• Exercise:
Using the records below, output the stretch that opens with the line containing "Göztepe'de elektrik tesisatı ustalarımı" and closes with the line containing "Windows Explorerдин контекст", exactly and including both lines, with nothing more.

• Provided information:
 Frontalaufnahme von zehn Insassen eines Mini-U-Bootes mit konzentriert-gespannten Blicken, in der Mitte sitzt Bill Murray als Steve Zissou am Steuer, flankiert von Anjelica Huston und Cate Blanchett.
...
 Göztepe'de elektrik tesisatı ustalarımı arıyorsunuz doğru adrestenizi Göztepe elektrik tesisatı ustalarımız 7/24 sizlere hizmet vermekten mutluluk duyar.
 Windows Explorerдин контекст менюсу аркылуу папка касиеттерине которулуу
==
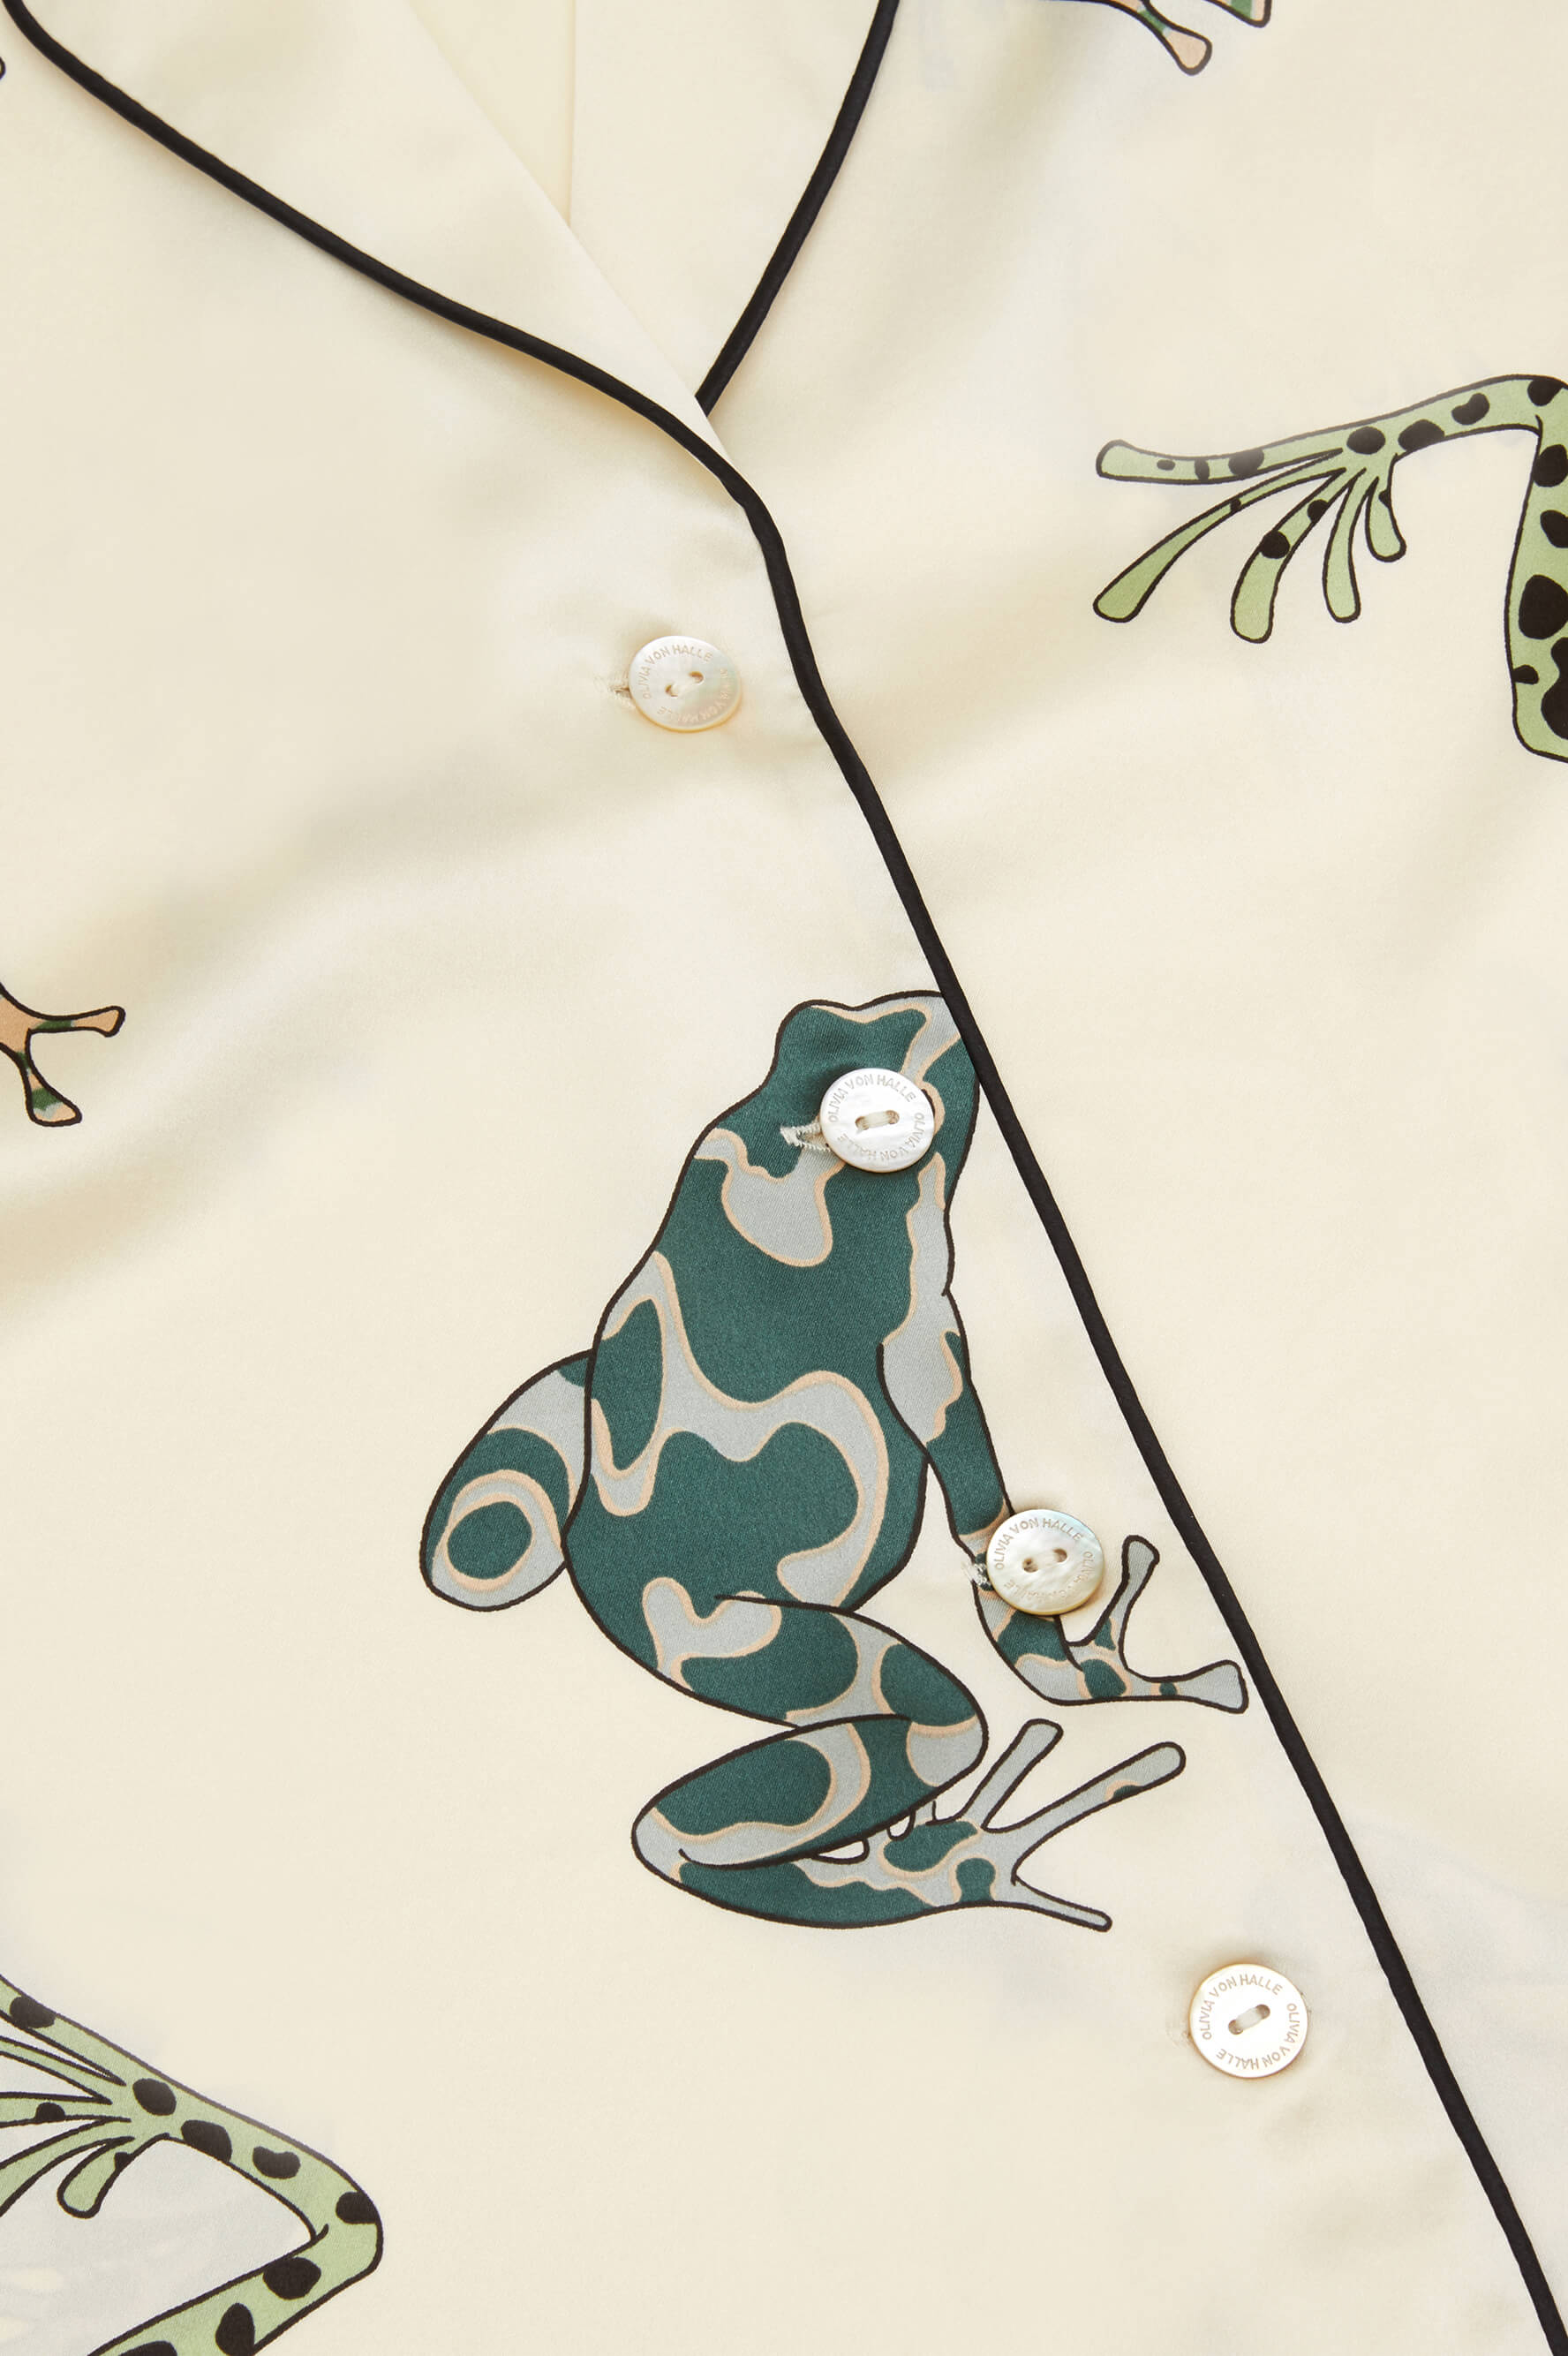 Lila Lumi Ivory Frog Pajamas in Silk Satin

• Result of the task:
 Göztepe'de elektrik tesisatı ustalarımı arıyorsunuz doğru adrestenizi Göztepe elektrik tesisatı ustalarımız 7/24 sizlere hizmet vermekten mutluluk duyar.
 Windows Explorerдин контекст менюсу аркылуу папка касиеттерине которулуу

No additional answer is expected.